# model aircraft engine display mounts



## jack620 (Jun 17, 2013)

Ladies & Gents,
does anyone have any plans for a nice display mount for a small 1cc CI engine? It's an ML Midge (see pic).
Chris


----------



## /// (Jun 17, 2013)

Sorry, don't have a design but I have seen at shows some nice folded and flame polished acrylic stands.
The nice thing about these(to me), done nicely, they are subtle and do not distract your attention from the engine.


----------



## jack620 (Jun 17, 2013)

Simon,
I've seen those in pics, but surprisingly I can't find them on eBay. I'll try a couple of hobby shops.


----------



## jack620 (Jun 18, 2013)

So does anyone know where to get these perspex stands? eBay and Google turn up a blank.


----------



## Ramon (Jun 18, 2013)

Hi Chris, I may be wrong here, but I don't think you will find these are a commercial item as such. Possibly a cottage industry job or made individually. 

You could try the MECOA site as members often display engines in a similar fashion.
Take a look at the Les Stone page on MEN too as he has a nice way of supporting his on a vertical brass rod and thick washer like base.

The engine looks good, time to get some fuel in eh 

Regards - Ramon


----------



## What (Jun 18, 2013)

You can very easily make stands such as those by using a heat gun (or other heating device) on a strip of plastic whatever width and thickness you desire.    Heat and then bend, hold in place until the curve is set. A sharp corner to use as a guide helps immensely.


----------



## jack620 (Jun 18, 2013)

Thanks Gents. 

Ramon,
Saturday is the day of reckoning! I hope to be able to post a video of at least one running engine.

Chris


----------



## Swifty (Jun 18, 2013)

Chris, most suppliers of acrylic will be able to bend the material for you. Polycarbonate is able to be bent in its cold state, not acrylic though.

Paul.


----------



## jack620 (Jun 18, 2013)

Thanks Paul.

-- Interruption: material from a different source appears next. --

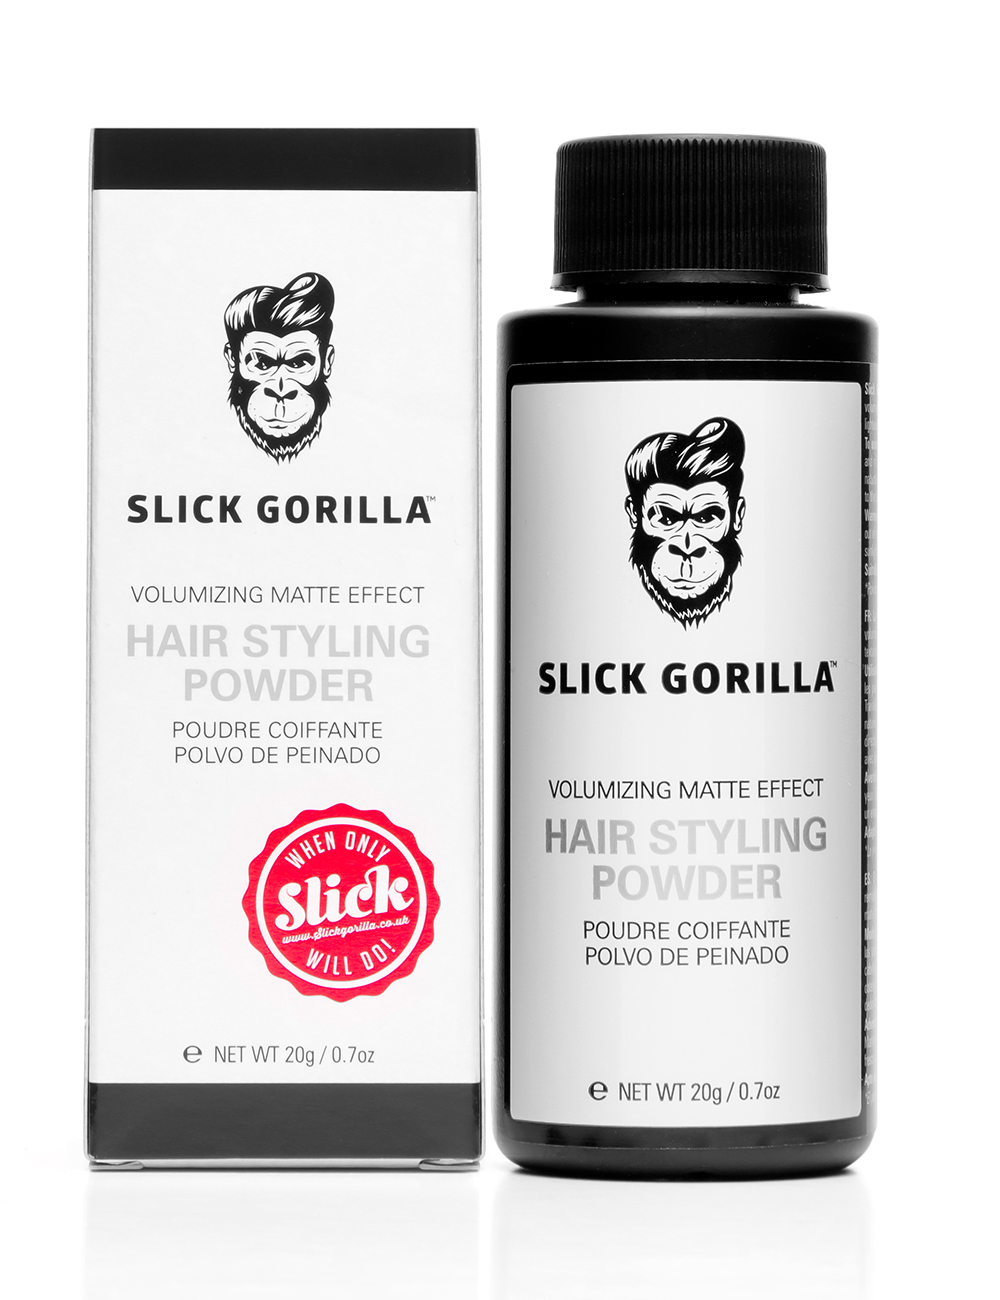 Slick Gorilla Hair Styling Powder Volumziing Matte Effect Product 20g With Box
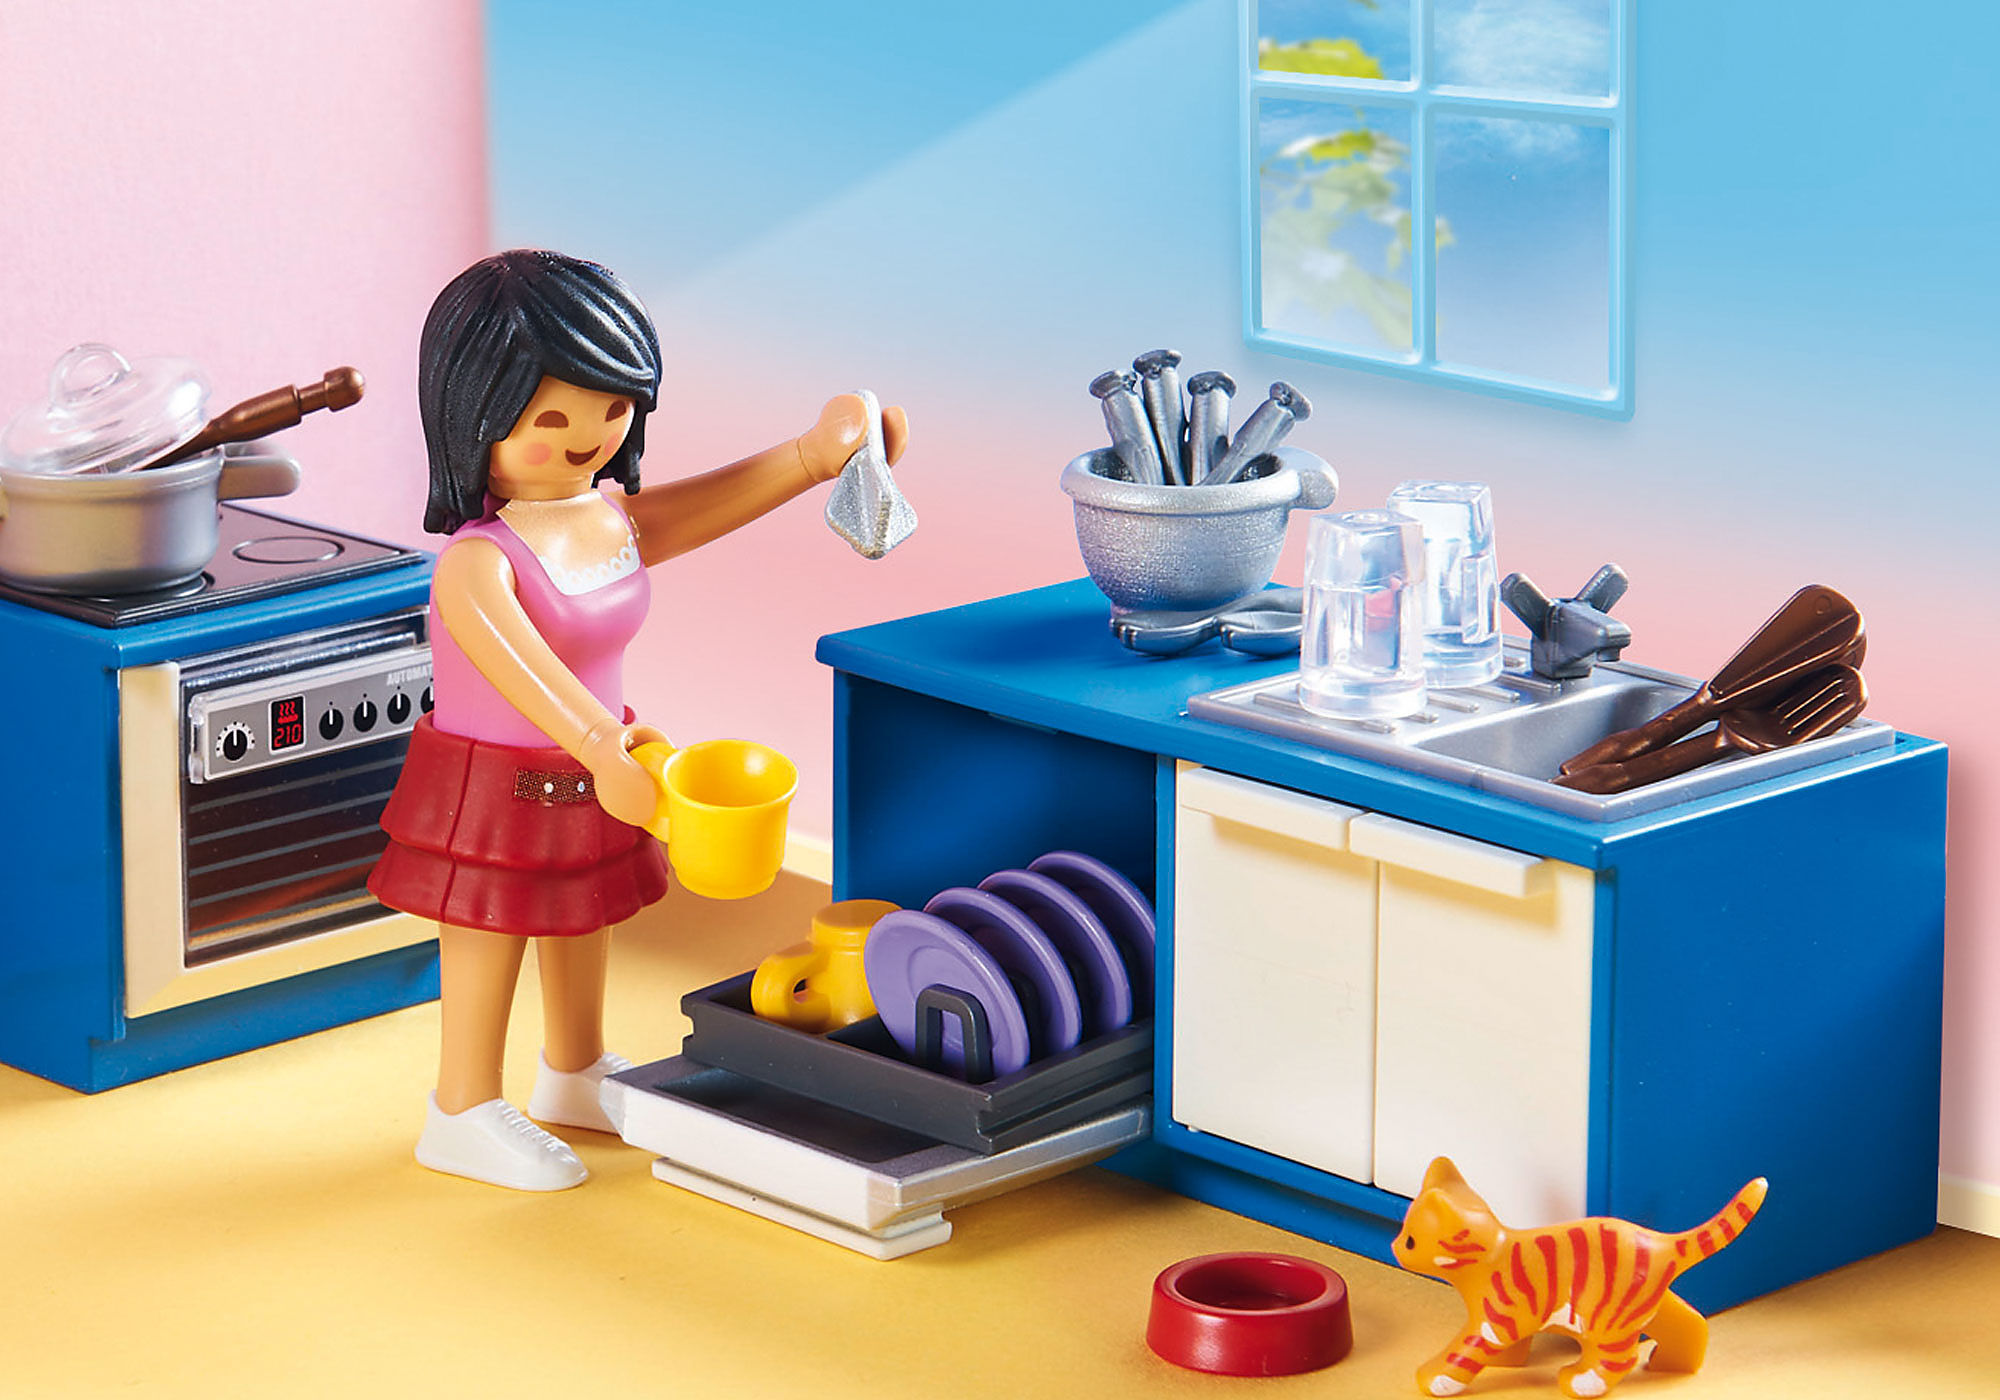 Playmobil Dollhouse Puppenhaus 70206 Familienküche + 70207

One of our forum members has PMd me and kindly offered to CNC me a stand in Perspex. I just need to come up with some dimensions.

Chris


----------



## jack620 (Jul 13, 2013)

One of our HMEM members has kindly made me a pair of perspex engine mounts on his CNC router free of charge. Now that's what I call service! I won't name the member lest he is inundated with requests. He can out himself if he is brave enough!

I have drilled and tapped the mounts to take 2.5mm SHCS. 

Chris


----------